Однако Мак-Гонал был хитрой лисой:
– Вы говорите, что слышали меня по беспроводному радио. Просто удивительно! «Беспроводное»! Сегодня подобные слова преследуют нас на каждом шагу, вы замечали? Молодежь, скорее всего, понятия не имеет о том, к чему это может привести. Слово «беспроводное» в наши дни – просто последний писк моды, еще одна победа американского духа, не правда ли? – Он повернулся к Тумбли. – Что останется от нашего бедного языка, когда янки окончательно добьют его?
Тумбли расцвел от счастья, что может помочь Мак-Гоналу сбить с мысли У.К., и бросился зарабатывать очки:
– Но что касается нас, это несправедливо. Мы выступаем там как хранители языка, епископ, бережно сохраняем слова, и целые фразы, и старые значения слов, которые исчезают здесь. Кстати, о слове «беспроводной» – в последнее время оно снова появилось на моей стороне Атлантики и используется, я полагаю, в радиотелефонии. Но взять, к примеру, выражение «собственной персоной»…
И он занудил – в своей обычной назидательной манере.
Бедный У.К. – ветер перестал дуть в его паруса! Подбородок упал ему на грудь, он умиротворился, войдя, так сказать, в полосу штиля. Тумбли говорил и говорил, утомительно и многословно, совершенно уверенный, что мы с интересом слушаем его, он даже смотрел не на нас, а на картину Хогарта «Собака Баусер миссис Петигру» на стене напротив. Глаза Мак-Гонала начали стекленеть. Бастьен, ревностно отправляя какое-то воображаемое богослужение, перекрестил сначала солонку, потом перечницу, после чего переключился на свою десертную ложку, за ней – на масленку и кольцо для салфетки.
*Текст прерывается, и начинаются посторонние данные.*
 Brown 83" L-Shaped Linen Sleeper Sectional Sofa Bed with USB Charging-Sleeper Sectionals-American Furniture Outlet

Мак-Гонал вынул массивные золотые часы из жилетного кармана и уточнил время, для вида покрутив колесико. Бастьен нацелил крестное знамение на люстру над нашими головами. Изо рта У.К. доносился приглушенный храп. А Тумбли продолжал:
– Когда предлог «вверх» добавляется, так сказать, адвербиально к глаголу «ударить», в американском английском появляется значение, расходящееся с…
Однако хватит рассказывать об этом «неаппетитном» блюде. Как кончается все на свете, хорошее и плохое, в конце концов закончилось и это. В десять тридцать за майором пришла Билинда Скудамур – старина У.К. проспал пудинг, портвейн и кофе. На этом все завершилось. К счастью, к счастью.
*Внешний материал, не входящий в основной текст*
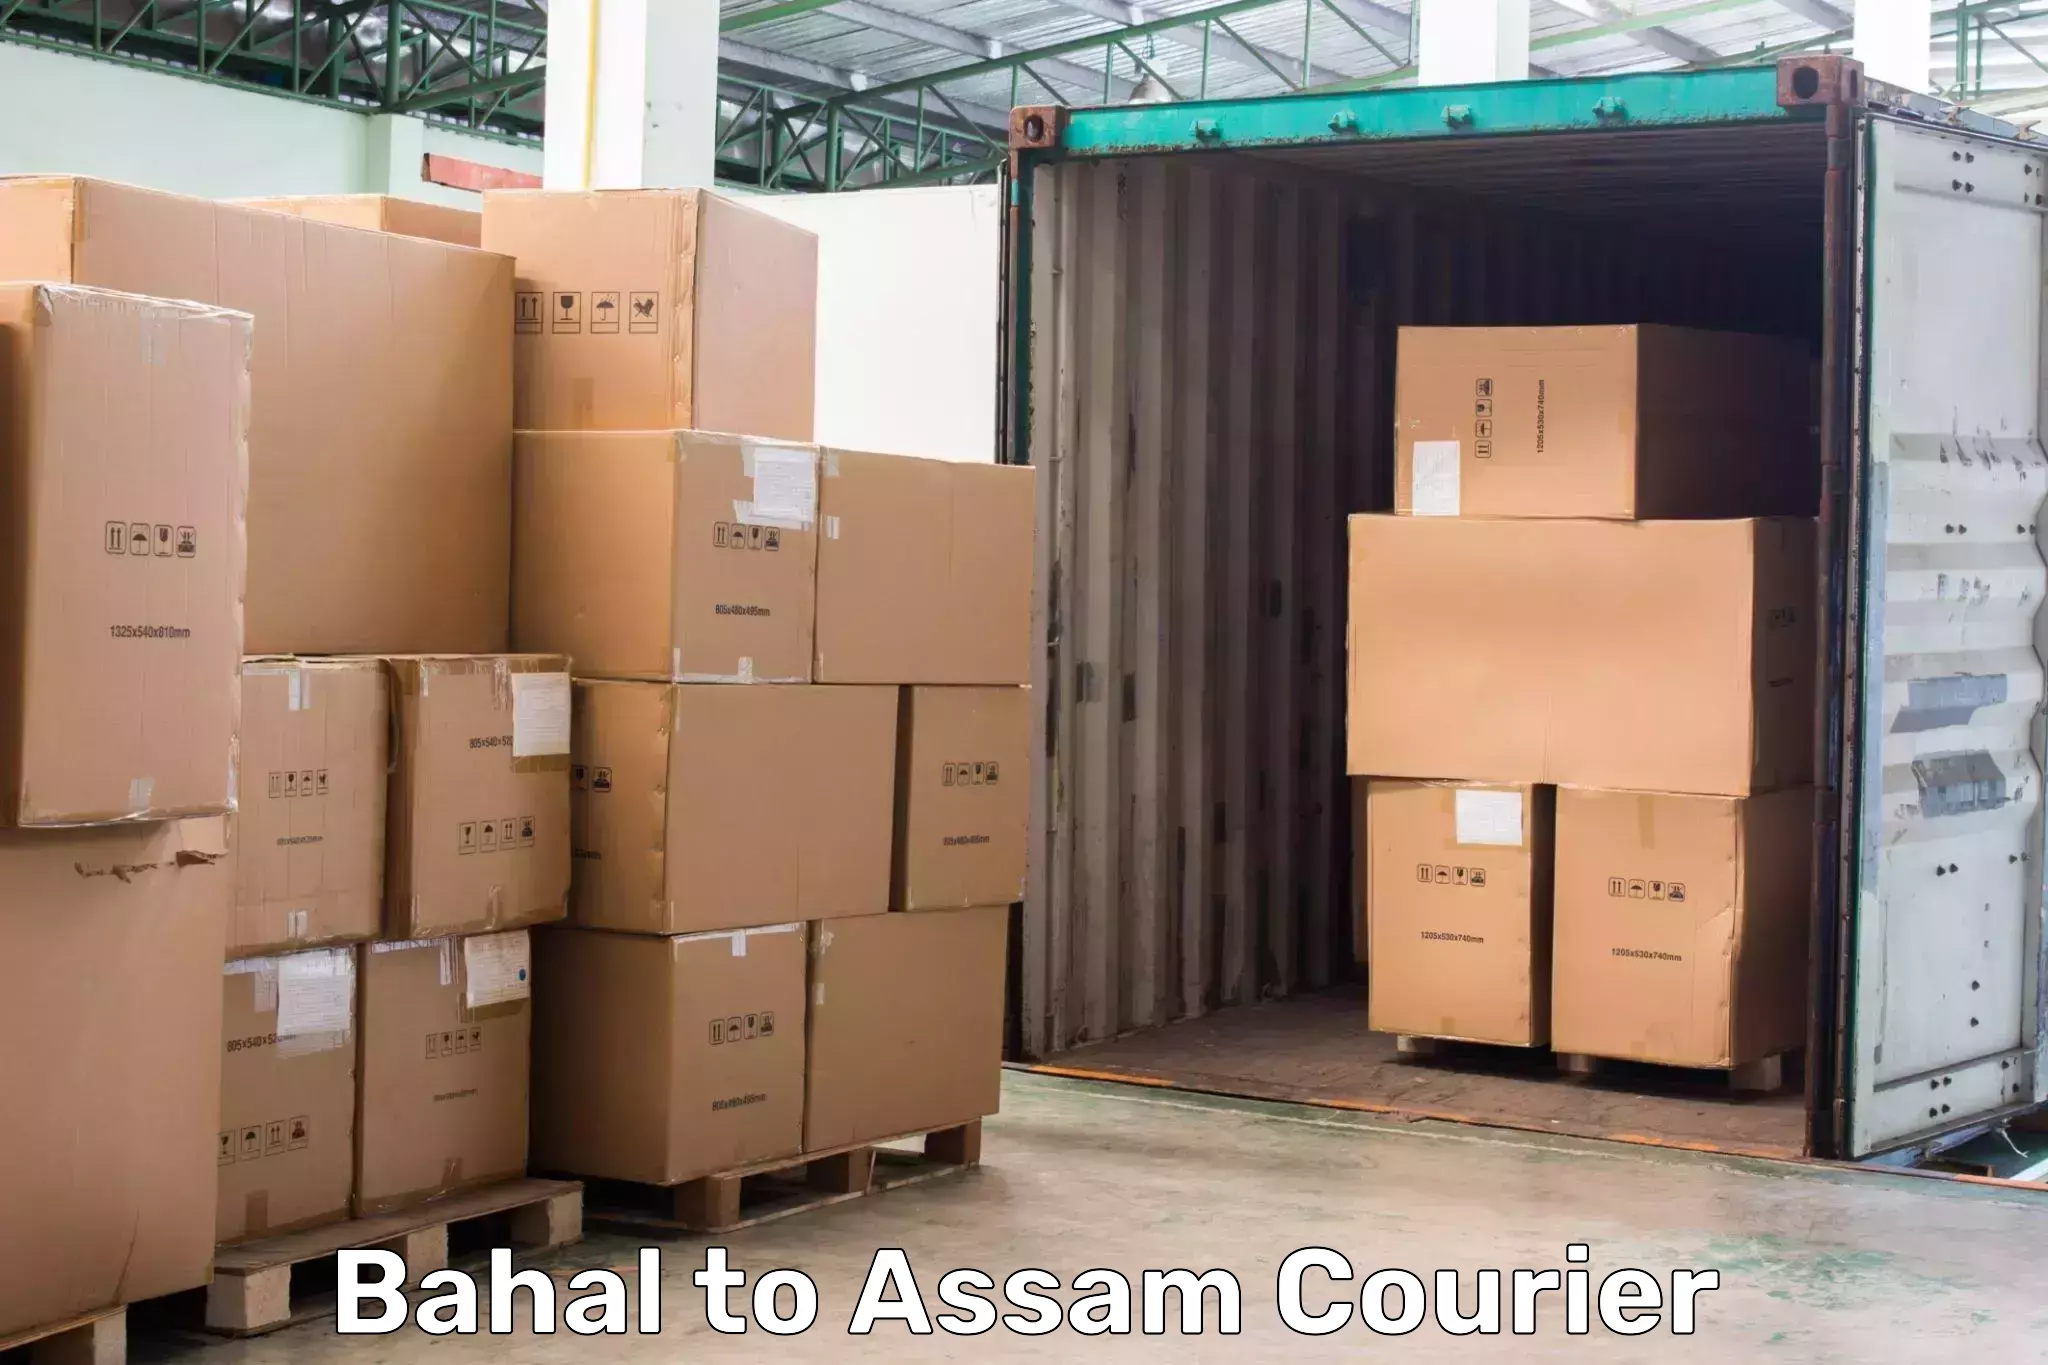 Global shipping networks Bahal to Assam

Прежде чем оставить компанию, Мак-Гонал сказал мне, что хотел бы уехать рано утром, – он клятвенно обещал, за свои грехи, играть в гольф на страшной площадке возле Росс-он-Уай, – но есть важный вопрос, который требует его внимания, и он был бы мне очень благодарен, если бы я заглянул во время завтрака – «ну скажем, в шесть часов» – в его комнату. Может быть, я буду настолько добр, что извещу мисс Мориарти о его раннем отъезде. Достаточно обычного английского завтрака: жареное мясо, яйца, тост и чашка чая – она, конечно, помнит его скромный вкус. Отец Фред тоже присоединится к нам. Стоящий за спиной епископа Тумбли тщетно пытался скрыть ухмылку.
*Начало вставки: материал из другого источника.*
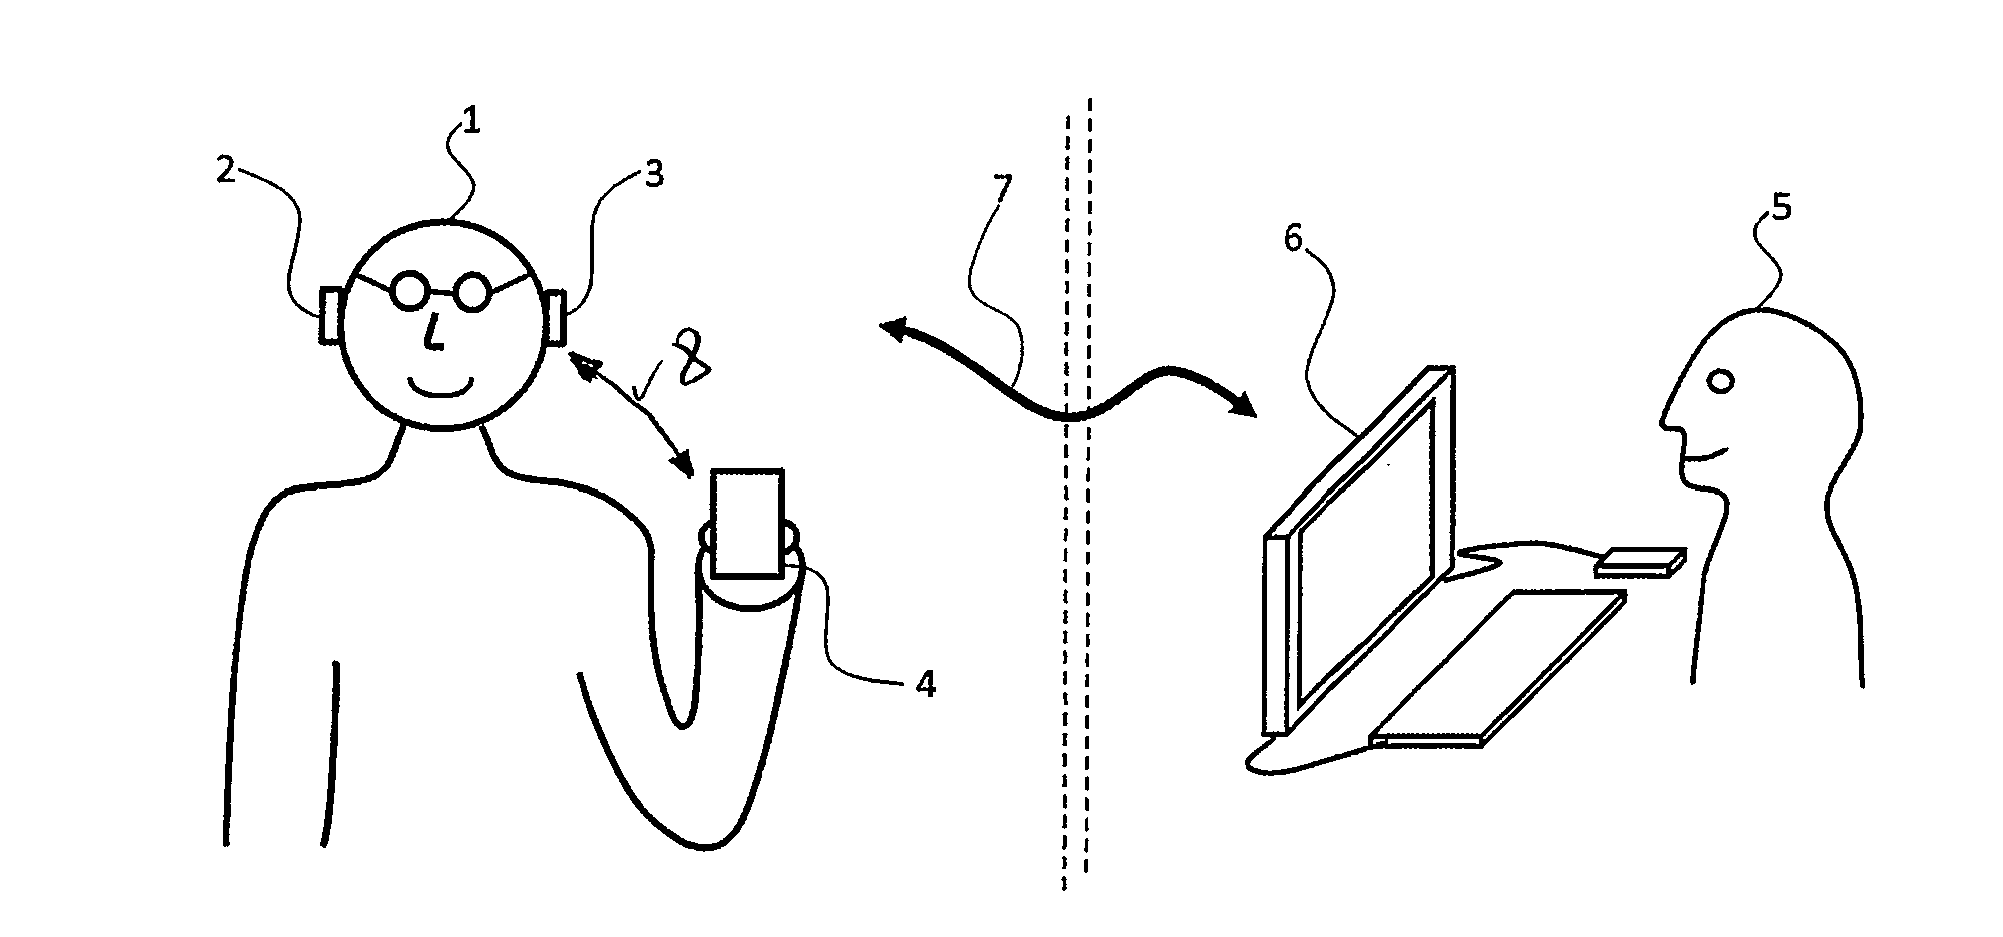 A method for fitting a hearing device as well as an arrangement for fitting the hearing device

К ЭТОМУ ЗАВТРАКУ и тому, что за ним последовало, я еще вернусь. Сейчас мне хочется сказать несколько слов о том странном состоянии, которое нашло на меня во время обеда. Осмелюсь сказать, будто опустилось невидимое облако – таким гомеровский бог окутывал смертного, которому покровительствовал, защищая от меткого удара копьем. Не то чтобы я ощутил себя неуязвимым – будучи, как заметил подлый Мак-Гонал, «букетом несовместимостей», – но меня вдруг отпустила тревога. Я огляделся и спросил себя: как случилось, что я оказался здесь? Нет, я не имею в виду, что испытывал обычное чувство отчуждения, полагаю, хорошо знакомое большинству интровертов: «При чем тут все они, Элфи?», как однажды говорил известный лирический поэт, или «Что меня сюда занесло?». Конечно, то, что я уже рассказал вам, отчасти и есть попытка объяснить, как я оказался там, где оказался. Но нет, я тогда почувствовал, что-то совершенно иное.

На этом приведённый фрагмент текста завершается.